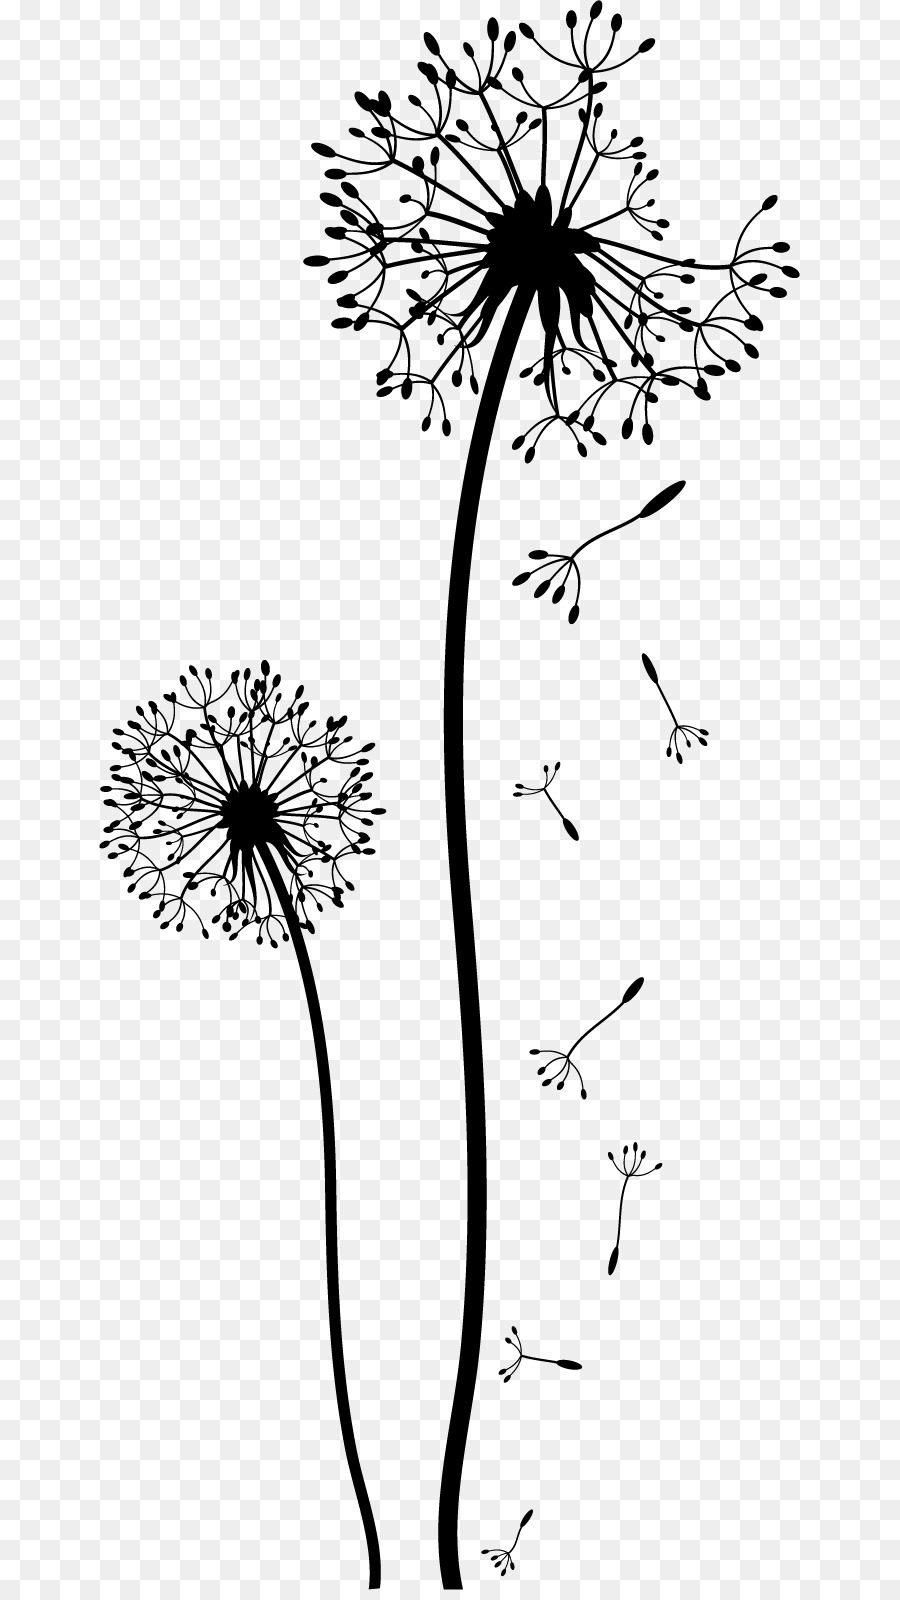 Dandelion Drawing Black and white Clip art - flower wall png download - 701*1590 - Free Transparent Dandelion png Download.
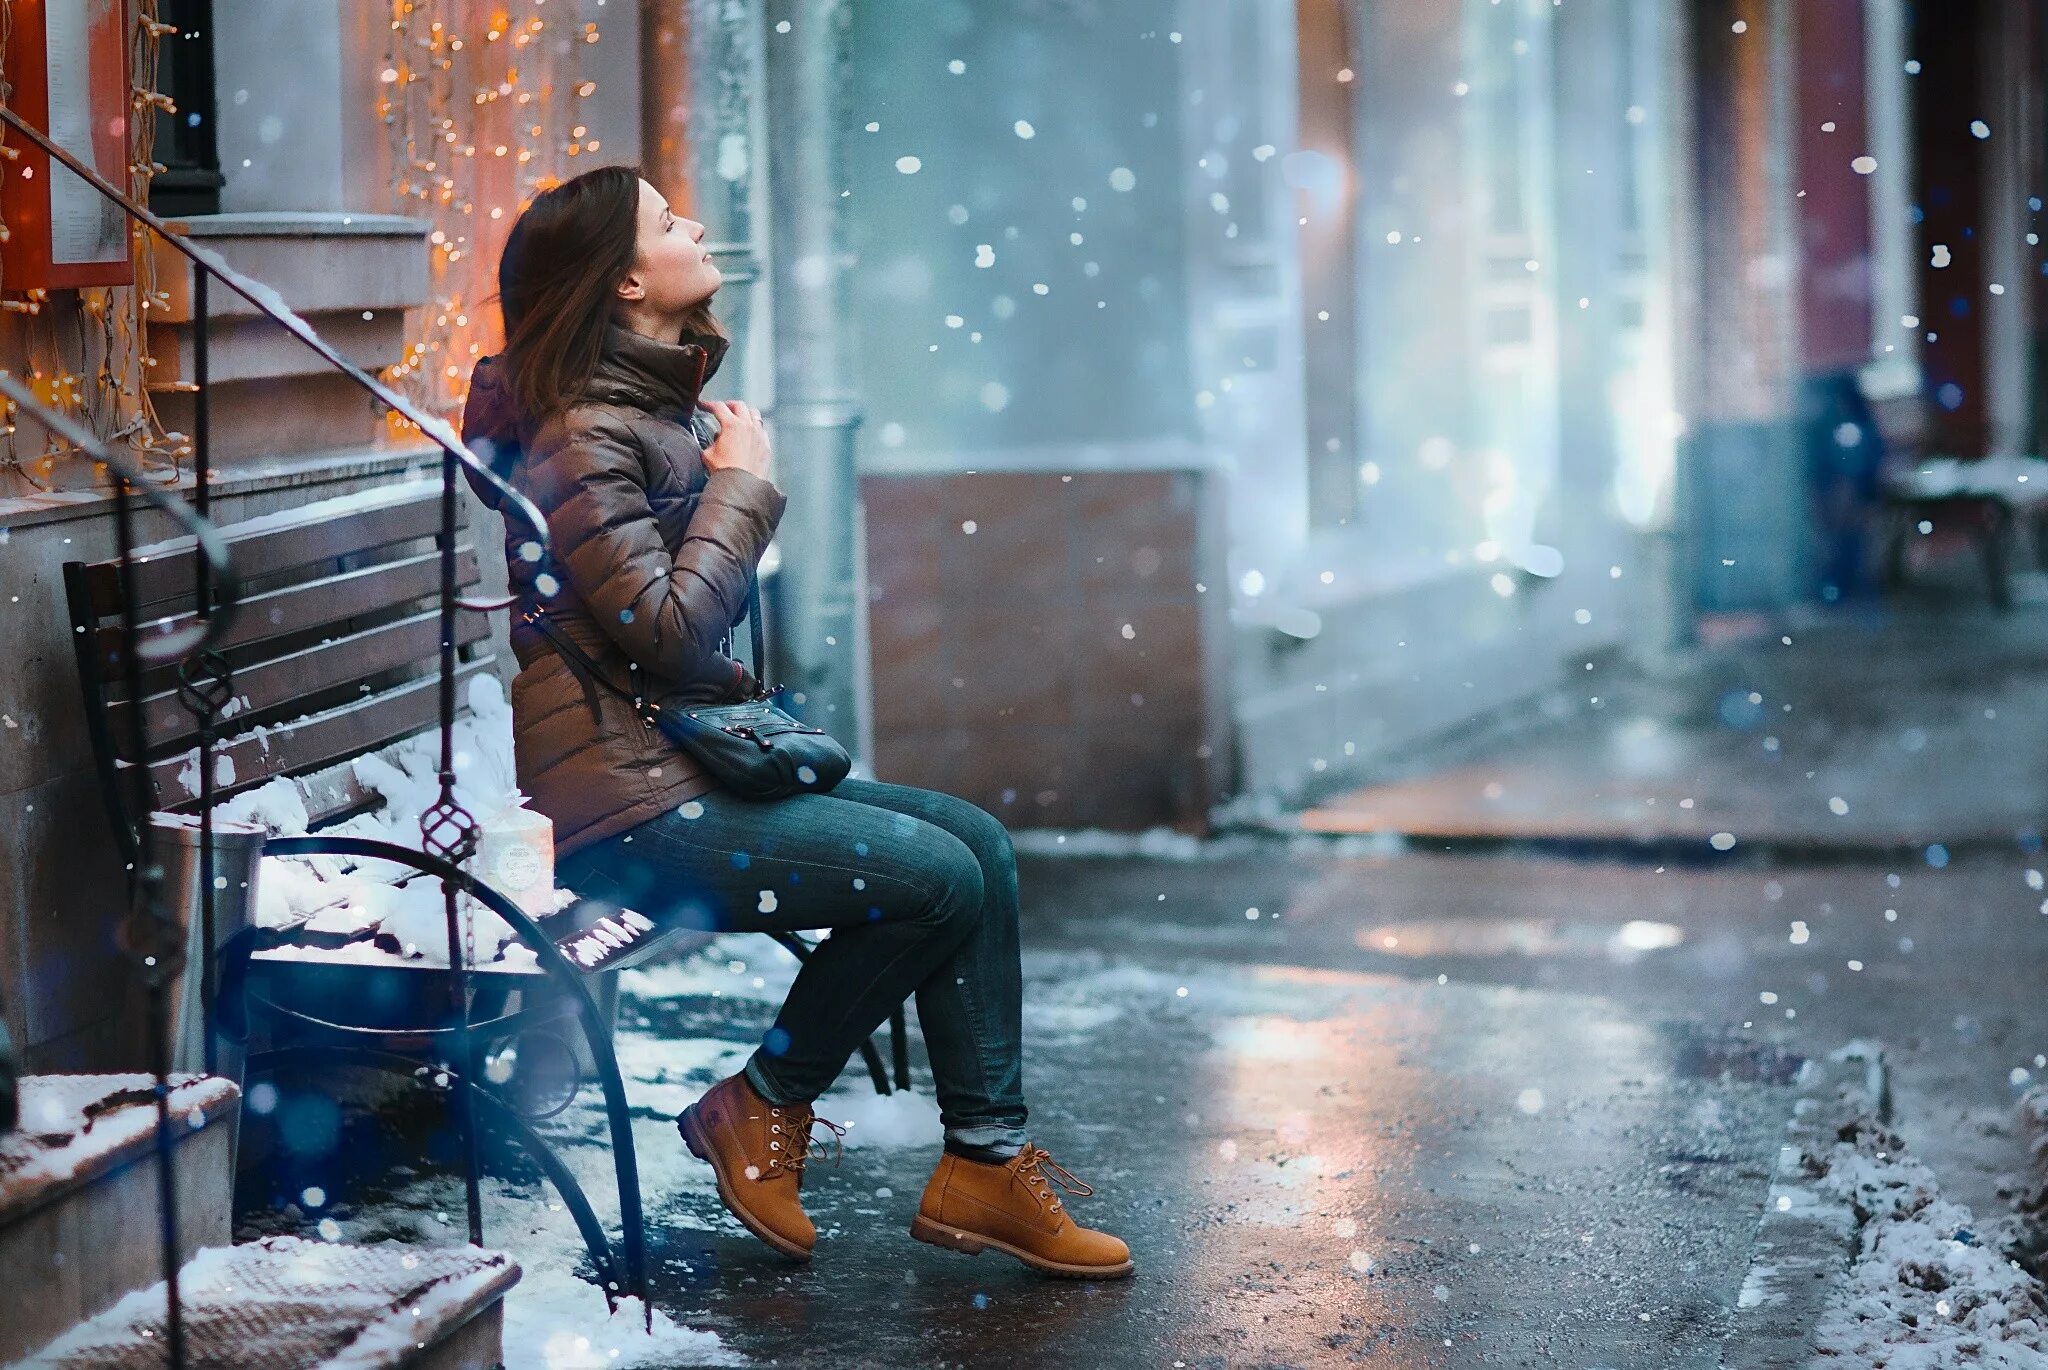 На улице снег на душе. Девушка зима. Фотосессия в городе зимой. Девушка зимой в городе. Девушка в снегу.
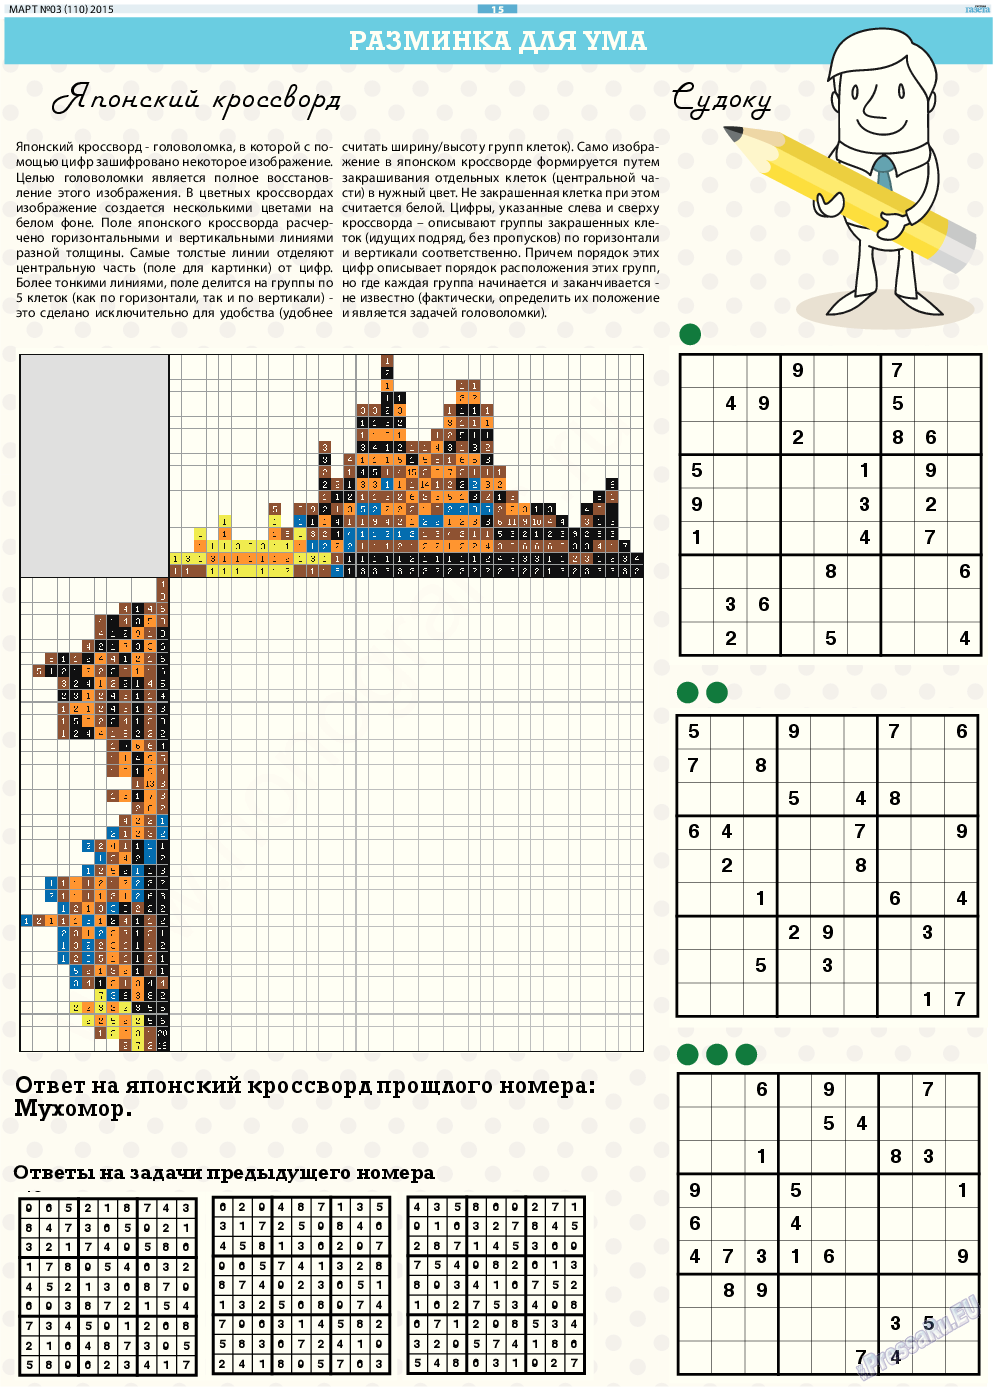 Русская Газета, газета. 2015 №3 стр.15

+ + + +

→ **PROBLEM DESCRIPTION**: Omit all images when repeating the data above exactly.

→ **TASK RESULT**:
 Dandelion Drawing Black and white Clip art - flower wall png download - 701*1590 - Free Transparent Dandelion png Download.
 На улице снег на душе. Девушка зима. Фотосессия в городе зимой. Девушка зимой в городе. Девушка в снегу.
 Русская Газета, газета. 2015 №3 стр.15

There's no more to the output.